Johann Wolfgang von Goethe (b. August 28, 1749 in Frankfurt am Main as Johann Wolfgang Goethe; † March 22, 1832 in Weimar), ennobled in 1782, was a German poet and natural scientist. He is considered to be one of the most important creators of German-language poetry.

Goethe came from a distinguished bourgeois family. As Stadtschultheiß, his maternal grandfather was the highest judicial official in the city of Frankfurt, and his father was a doctor of law and imperial councillor. He and his sister Cornelia received an extensive education from tutors. Following his father's wishes, Goethe studied law in Leipzig and Strasbourg and then worked as an advocate in Wetzlar and Frankfurt.
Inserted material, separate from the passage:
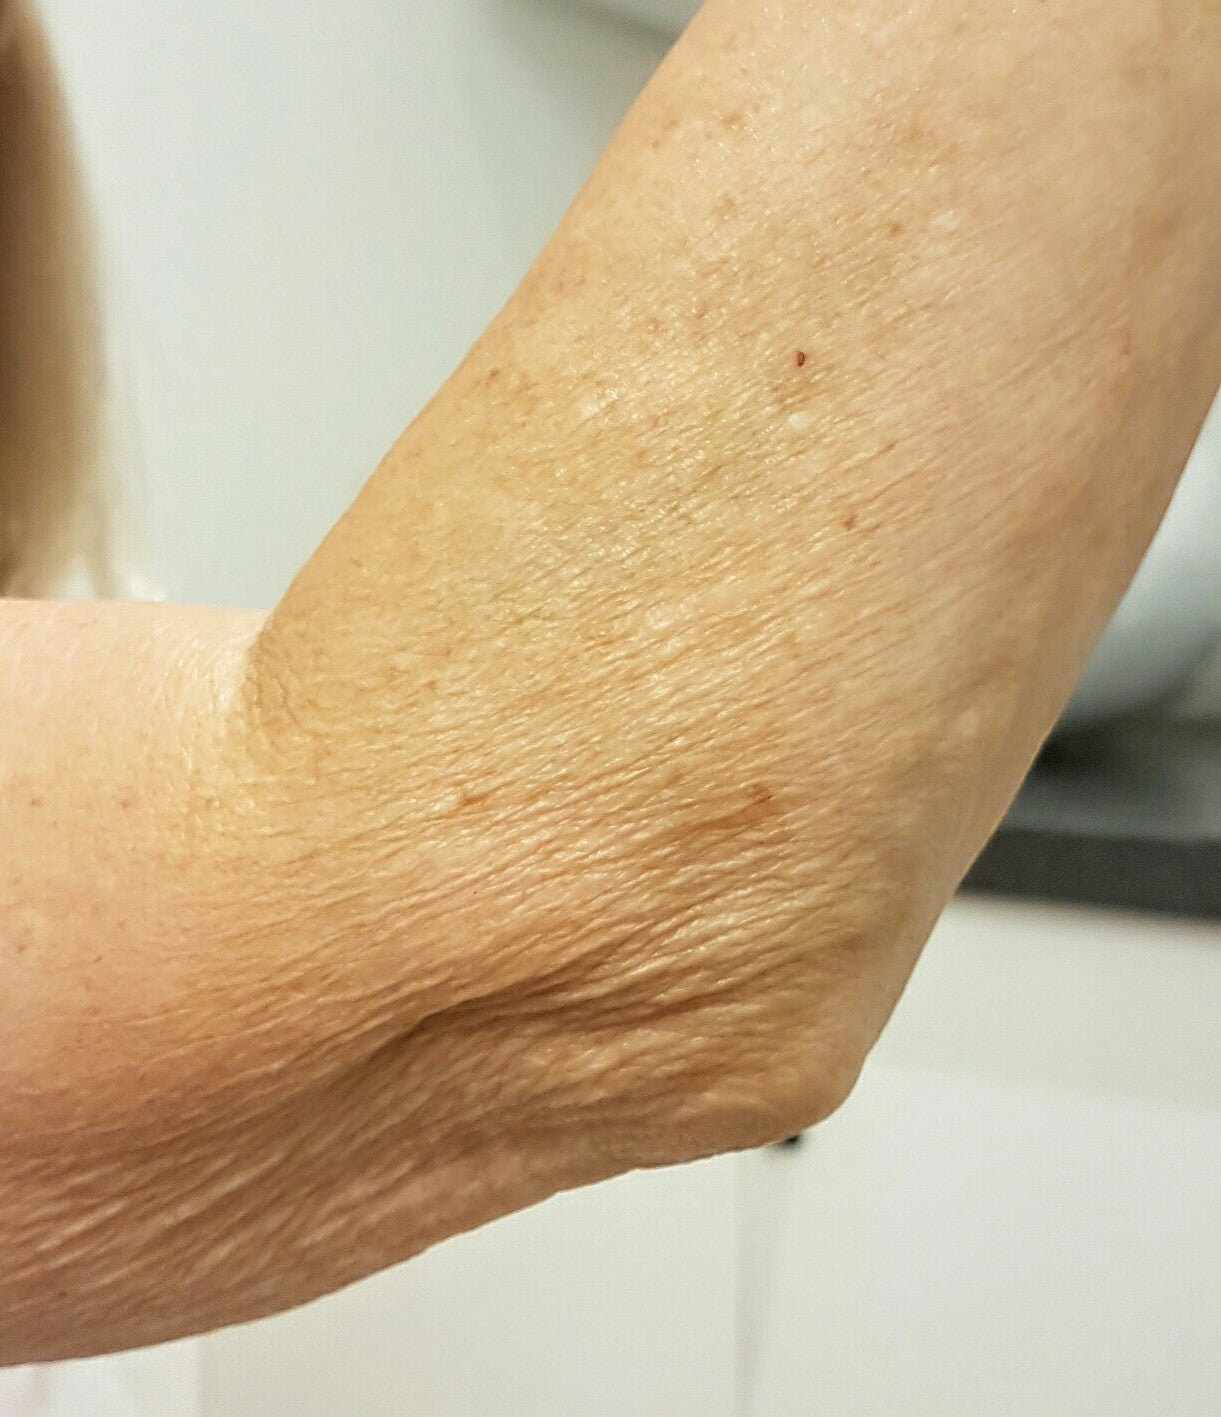 Arm with crepey skin

At the same time, he followed his inclination towards poetry, achieving early success and recognition in the literary world with the drama Götz von Berlichingen.

At the age of twenty-six, he was invited to the court of Weimar, where he eventually settled for the rest of his life. As a friend and minister of Duke Carl August, he held political and administrative offices there and directed the court theatre for a quarter of a century. After his first decade in Weimar, Goethe’s official activities and the ensuing neglect of his creative abilities triggered a personal crisis, which Goethe escaped by fleeing to Italy. He experienced the two-year journey to Italy as a "rebirth”, owing the completion of important works (Tasso, Iphigenia, Egmont) to it.

After his return, his official duties were largely limited to representative tasks. The wealth of cultural heritage he experienced in Italy stimulated his poetic production, and his erotic experiences with a young Roman woman led him, upon his return, to enter into a lasting, "socially unacceptable" love affair with Christiane Vulpius, which he did not officially legalize through marriage until eighteen years later.

Goethe's literary works include poetry, drama, epic poetry, autobiographical writings, writings on art and literary theory, as well as scientific writings. In addition, his extensive correspondence is of literary importance. Goethe was the forerunner and most important representative of the Sturm und Drang movement. His novel Die Leiden des jungen Werthers brought him fame throughout Europe. Even Napoleon invited him to an audience on the occasion of the Erfurt Congress of Princes. In league with Schiller and together with Herder and Wieland, he embodied Weimar Classicism. The Wilhelm Meister novels became exemplary precursors of German-language artistic and education novels (Bildungsroman). His Faust gained a reputation as the most important creative work in German-language literature. In his old age, he was also regarded abroad as a representative of intellectual Germany.

In the German Empire, he was glorified as the German national poet and herald of the "German essence" and, as such, was appropriated for German nationalism. This led to a veneration not only of the poet's work, but also of his personality, whose way of life was considered exemplary. To this day, his poems, dramas and novels are among the masterpieces of world literature.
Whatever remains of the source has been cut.